# Need some help with an order,



## stevers (Nov 30, 2008)

Hi All,
I have a request for a quality fountain pen with a synthetic grip at the writing nib. He "doesn't" care for the metal grips like you see on the Jr. Gents. Problem is, he likes the Jr. Gent. And thats the pen I have bushings for also. 

So, where can I find a nib of good quality (7 on a scale of 10) that will fit the Jr. Gent? I don't want the nib to drive the price up too far. I'm hoping to keep the sale around $125 or even less.

He made reference to the Sailor, Pelican and Cross styles of pens.

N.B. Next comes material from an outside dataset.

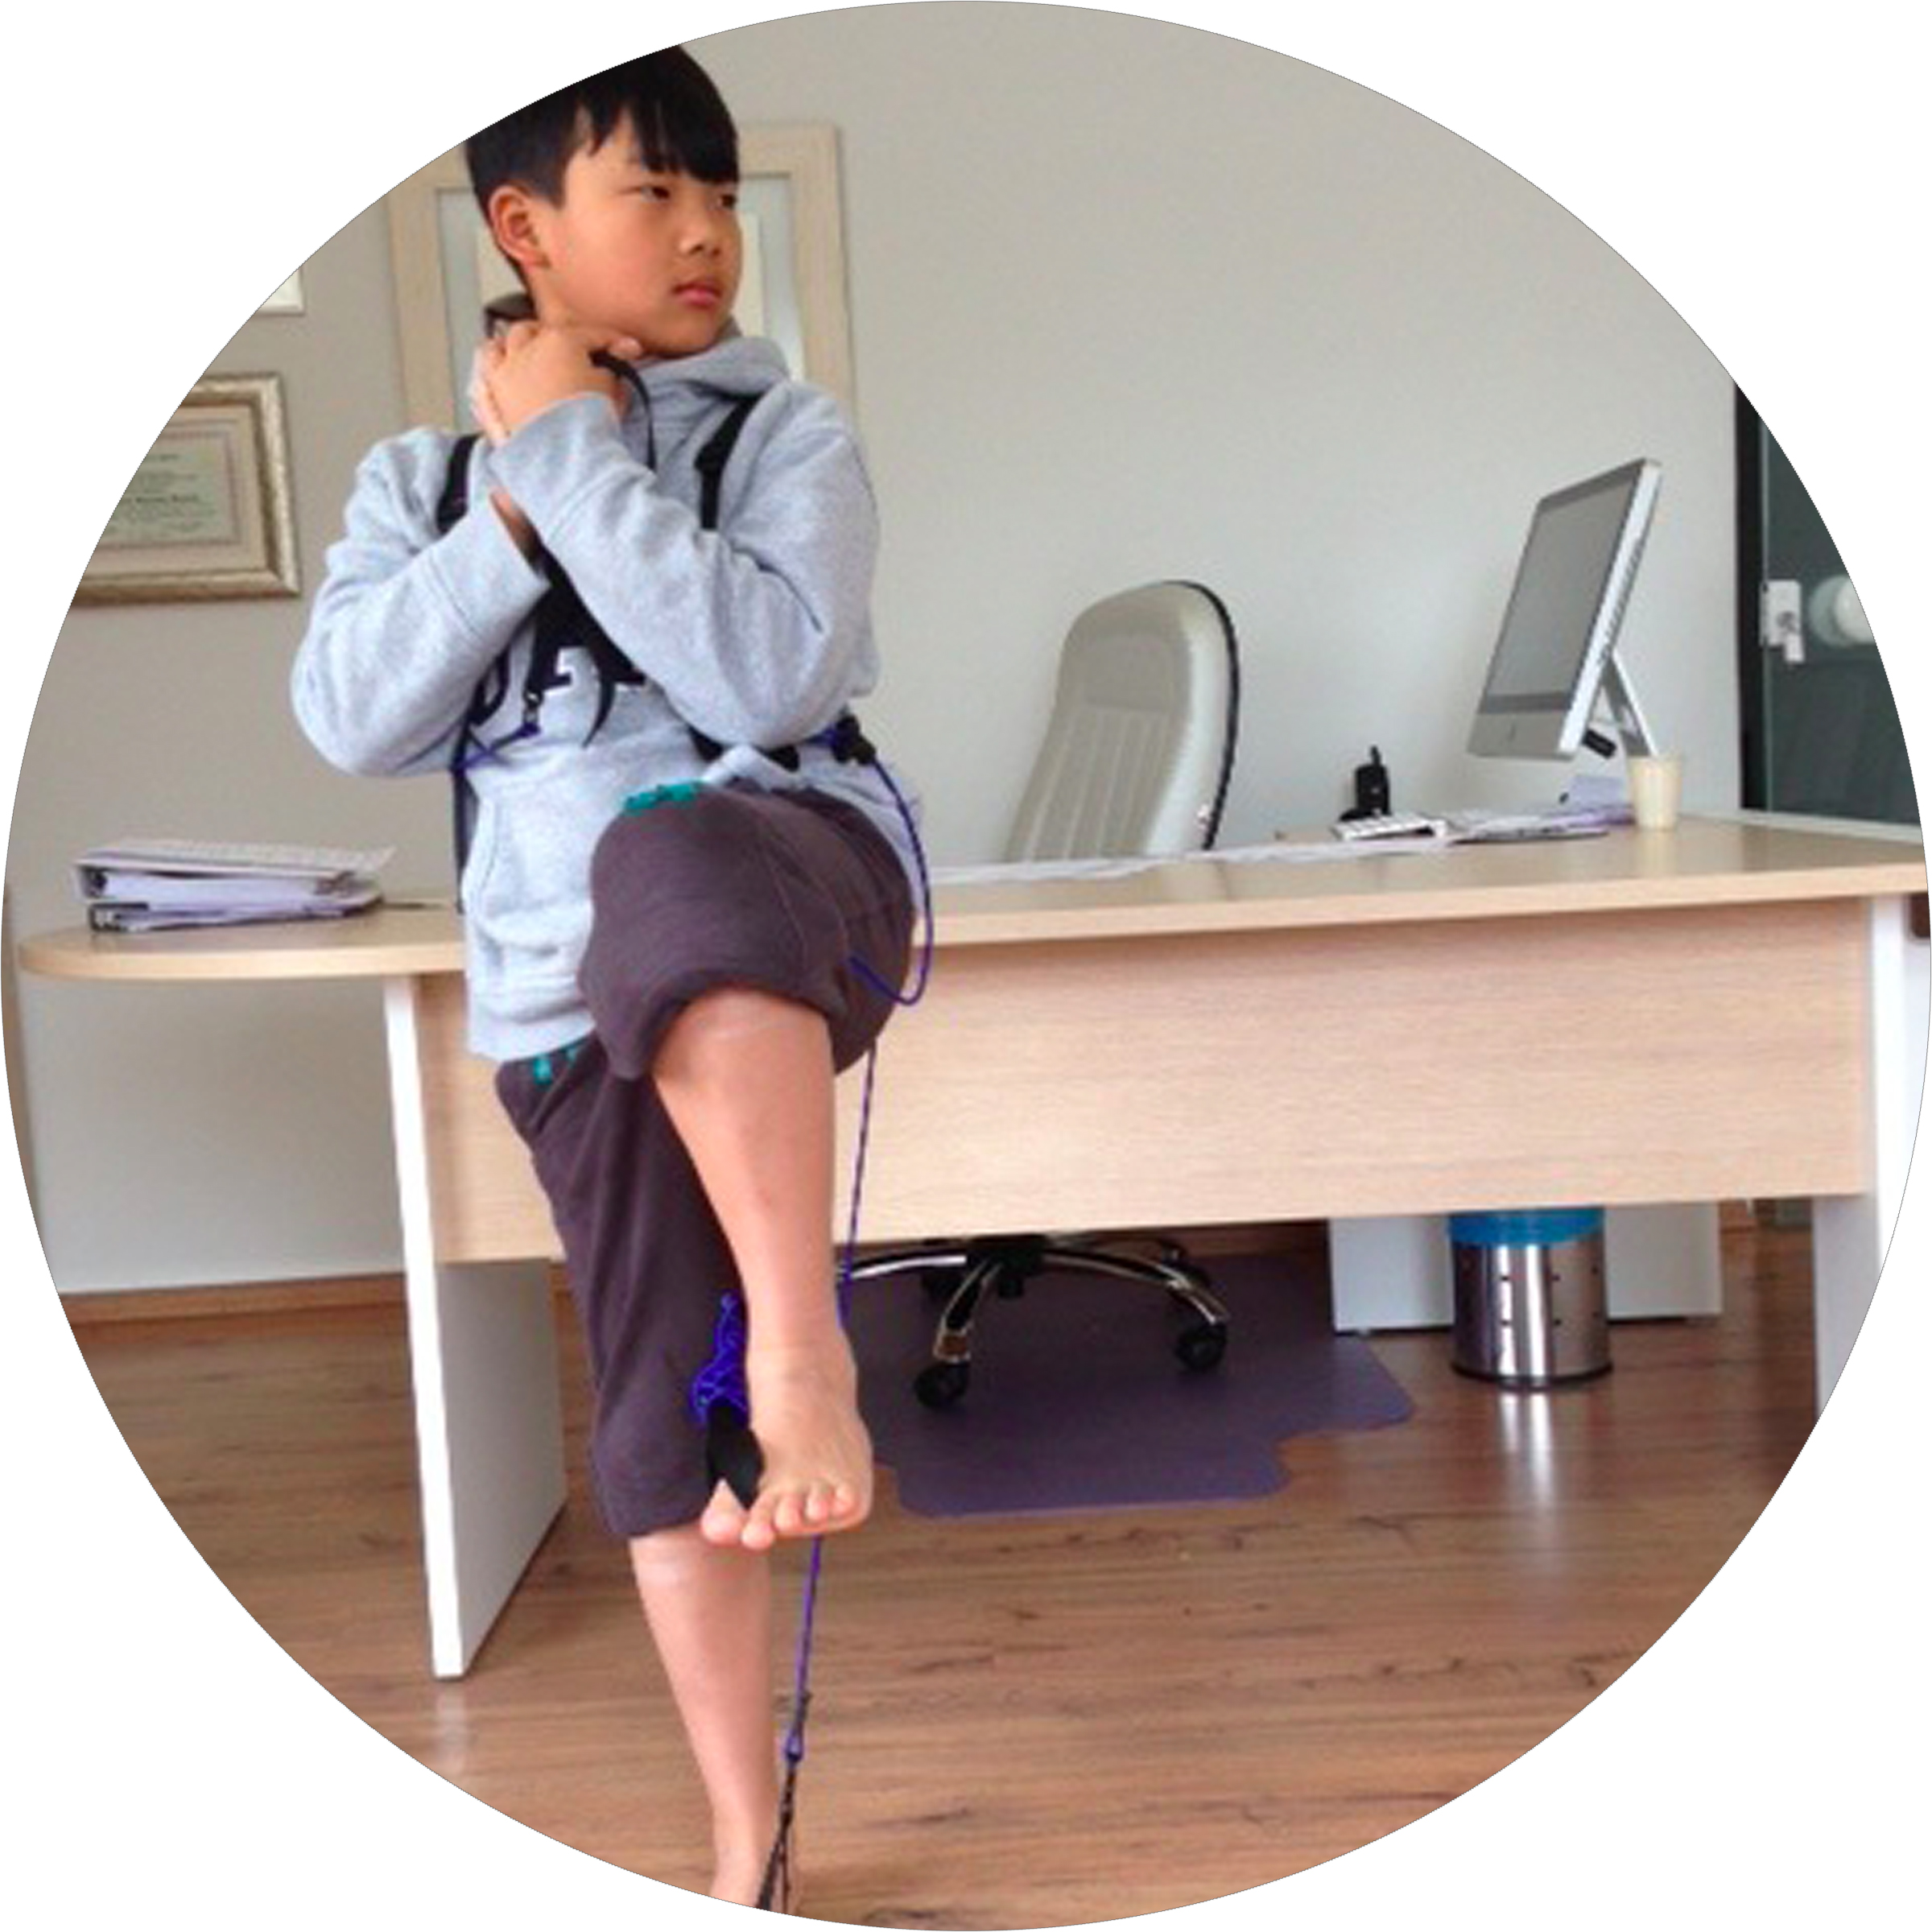 10 Year-old boy practicing baseball movements with Tye4®, Brazil.
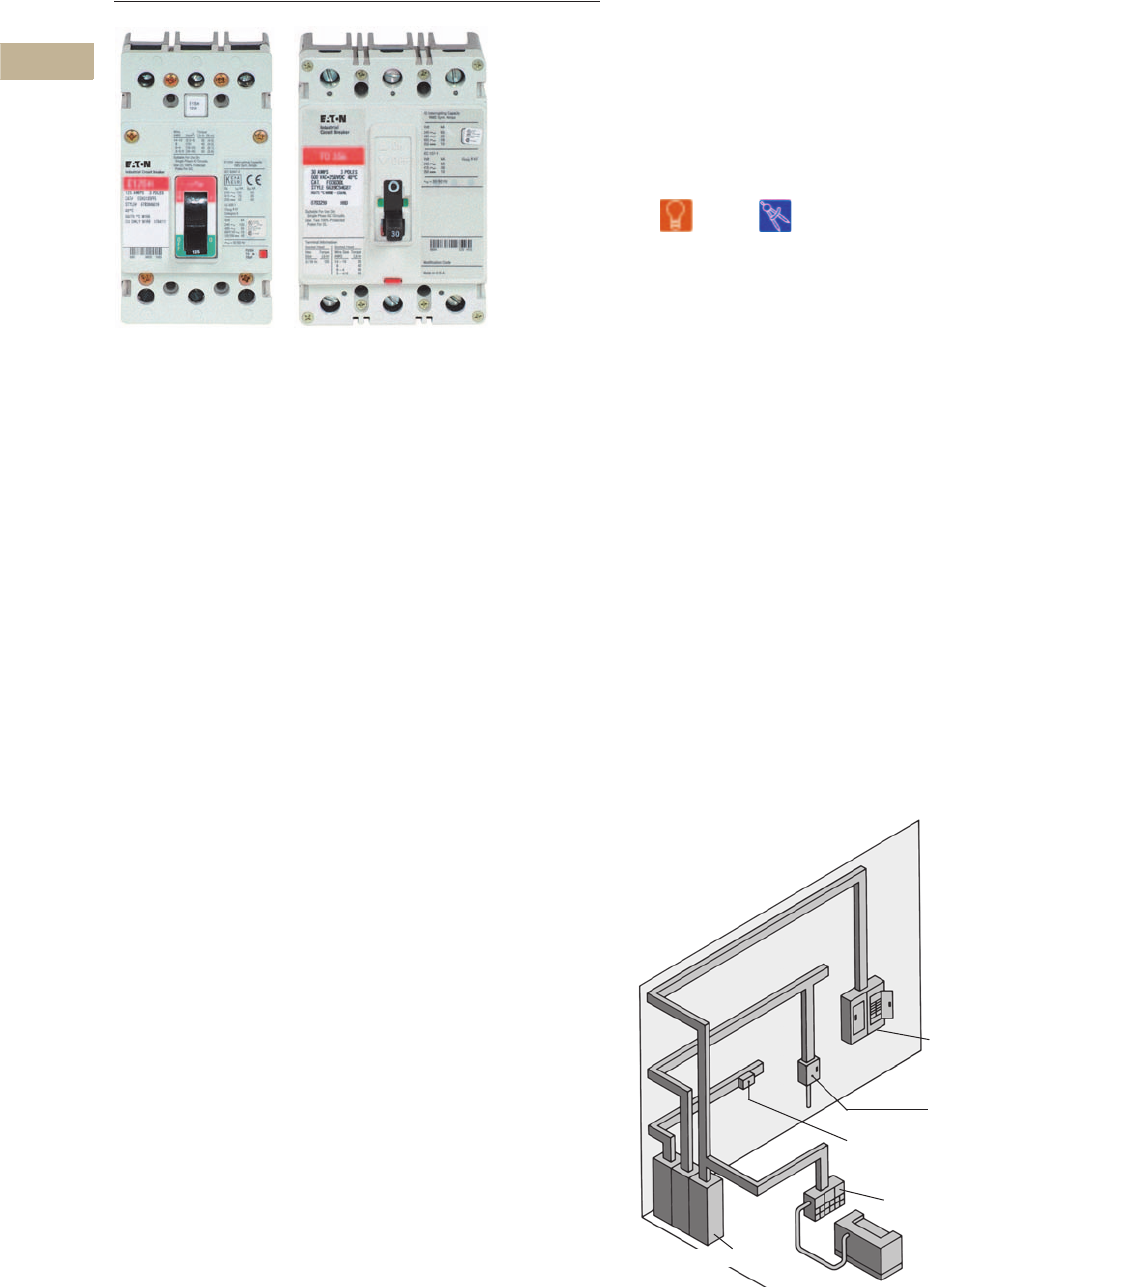 Volume 4 Tab 2 76301 Catalog Circuit Breaker Used Cutler Hammer Ed3150 150 Amp V4 T2 4circuit Protection Ca08100005ejune 2014 Eatoncom

They all have the black synthetic style of grips.

Below is an example he sent me.

Thanks for any help.


----------



## hughbie (Nov 30, 2008)

i own a churchill...it has the 'plastic' grip section....i even think that now you can get the metal coupler with them....just my 2 cents


----------



## jskeen (Nov 30, 2008)

CSUSA used to sell a replacement/spare grip feeder and nib assy that was black enamel coated brass with a small gold band just above the nib.  I think Lou may still have a few in stock, and if not I could spare one if it would work for you.  It has the same profile as the stock metal ones.  The one in the picture looks to be the same size as the larger pens like the gent, churchill, ect.


----------



## stevers (Nov 30, 2008)

Thanks James. I shot Lou an E-mail to see what he can do to help me. 

Unfortunately, I haven't learned as much as I should about FP's. I guess it's time to learn.


----------